Authors: William Nicholson
Austin arrived promptly at the Amherst House to escort Mabel the short distance down Main Street to the Homestead. Miss Vinnie opened the door herself, a small fluttery woman with sharp, noticing eyes.
“Oh, Mrs. Todd, you’re too good to us. We’ve heard so much about you. All the town seems to be in love with you at once. Come in, come in. Though to be loved by the residents of Amherst is no great compliment, I’m afraid. Did you ever see so many sour faces in all your life?”
Mabel entered the dark hall and followed Vinnie into the almost equally dark parlor, where there stood a low box piano. Austin followed.

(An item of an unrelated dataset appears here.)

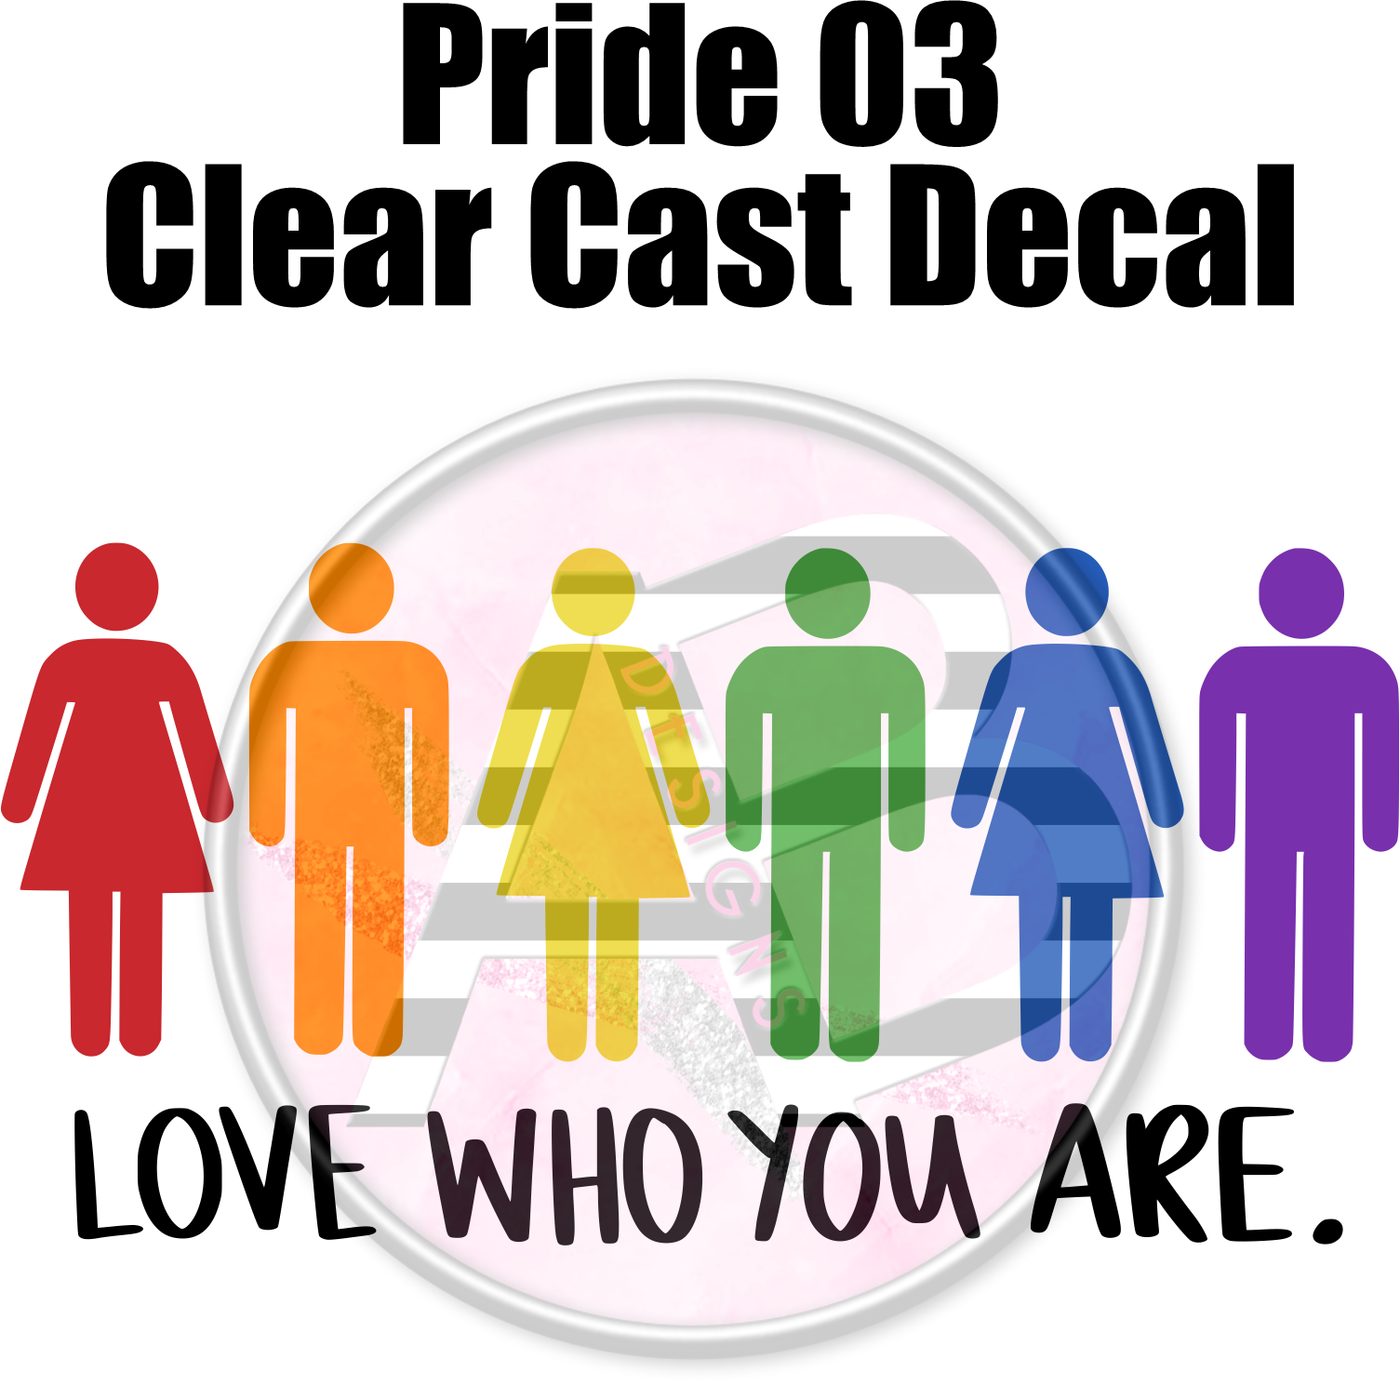 Pride 03 - Clear Cast Decal

“I don’t know that our instrument will be up to your usual
standard, Mrs. Todd. I’m no musician myself. Our father bought it for us when we were girls, but I’m afraid we neglect it sadly. And Austin of course has not a single musical note in his body.”

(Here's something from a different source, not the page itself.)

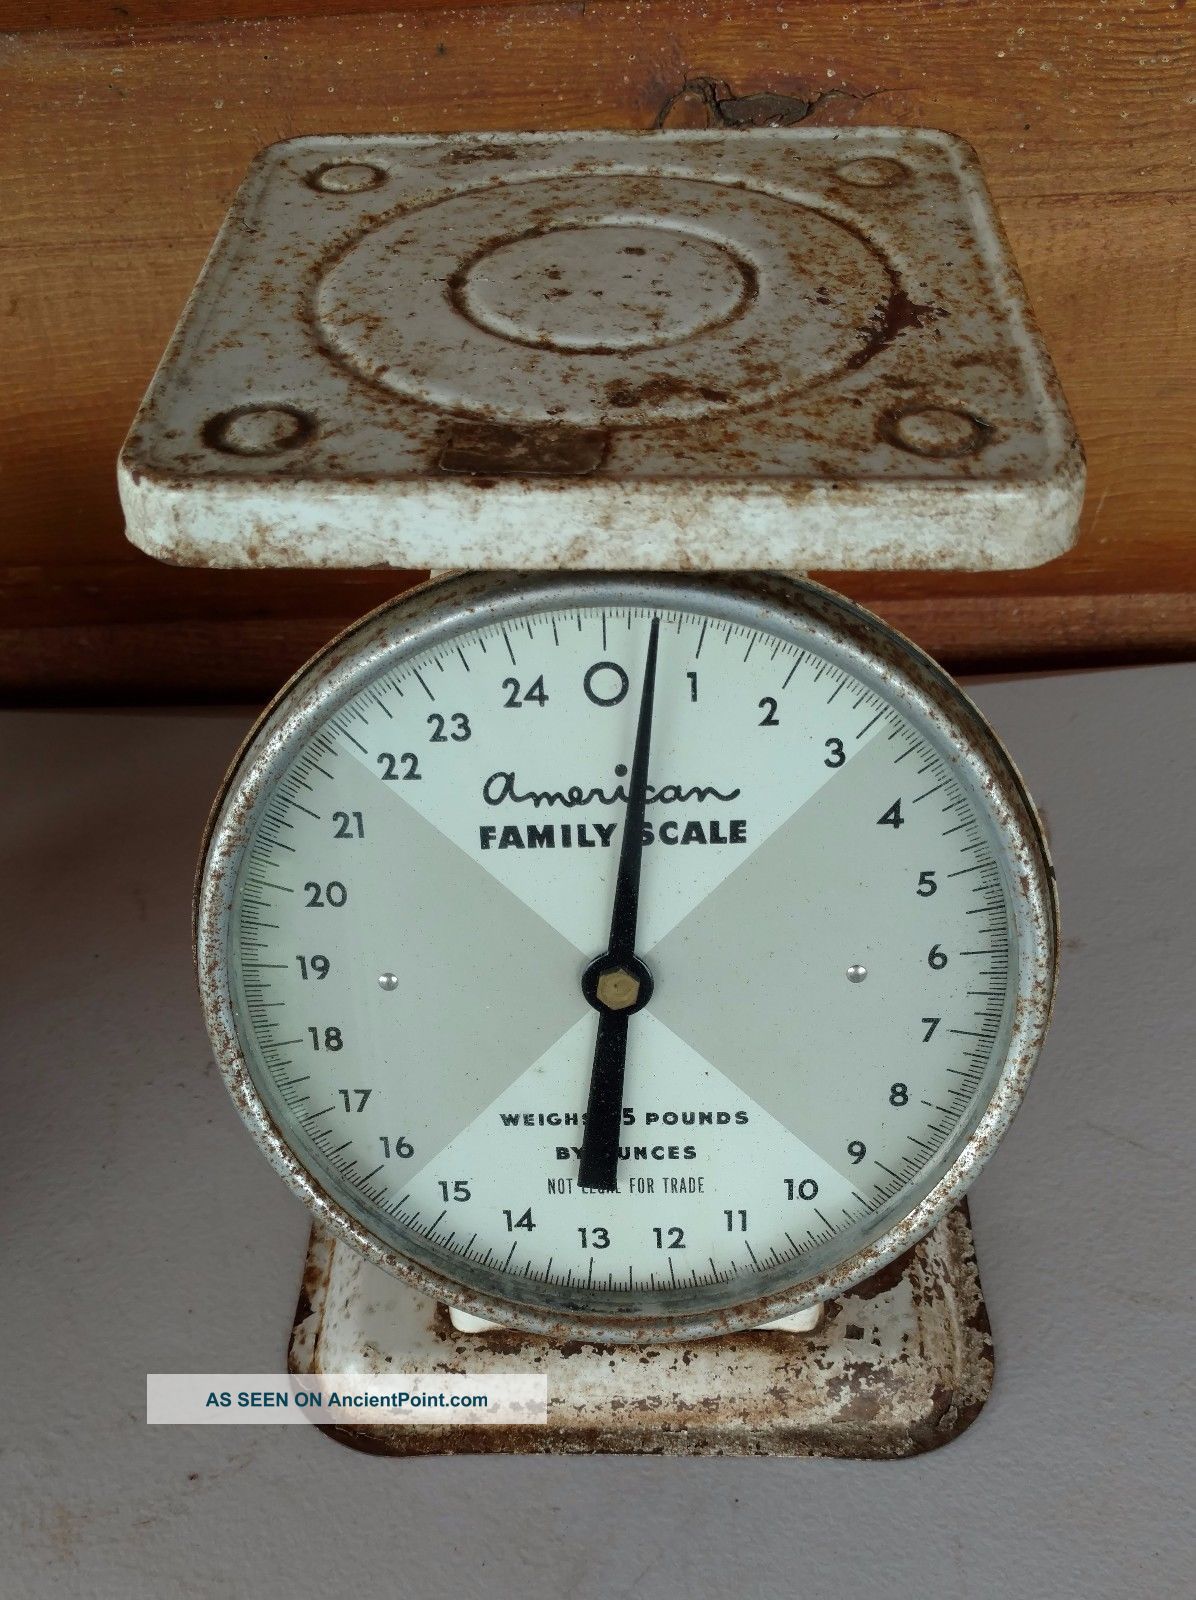 Vintage American Family Scale 25 Lb By Oz Kitchen Counter Scale Antique Decor Scales photo

“That’s enough now, Vinnie,” said Austin. “I’m sure you have a cup of tea and a slice of cake for Mrs. Todd.”
Mabel set herself down at the piano and unfolded the music she had brought with her. Vinnie fussed about her, offering compliments and disparagement in equal measure, and throwing quick glances of fascination at Mabel’s hair and dress and hands.
“You really are quite a wonder to us poor rustics, Mrs. Todd,” she said. “So much style almost dazzles us. Austin is half blinded. But then he never did see very well in the first place. As for Sue, all I ever hear is Mrs. Todd this, Mrs. Todd that. I fancy you are the perfect woman.”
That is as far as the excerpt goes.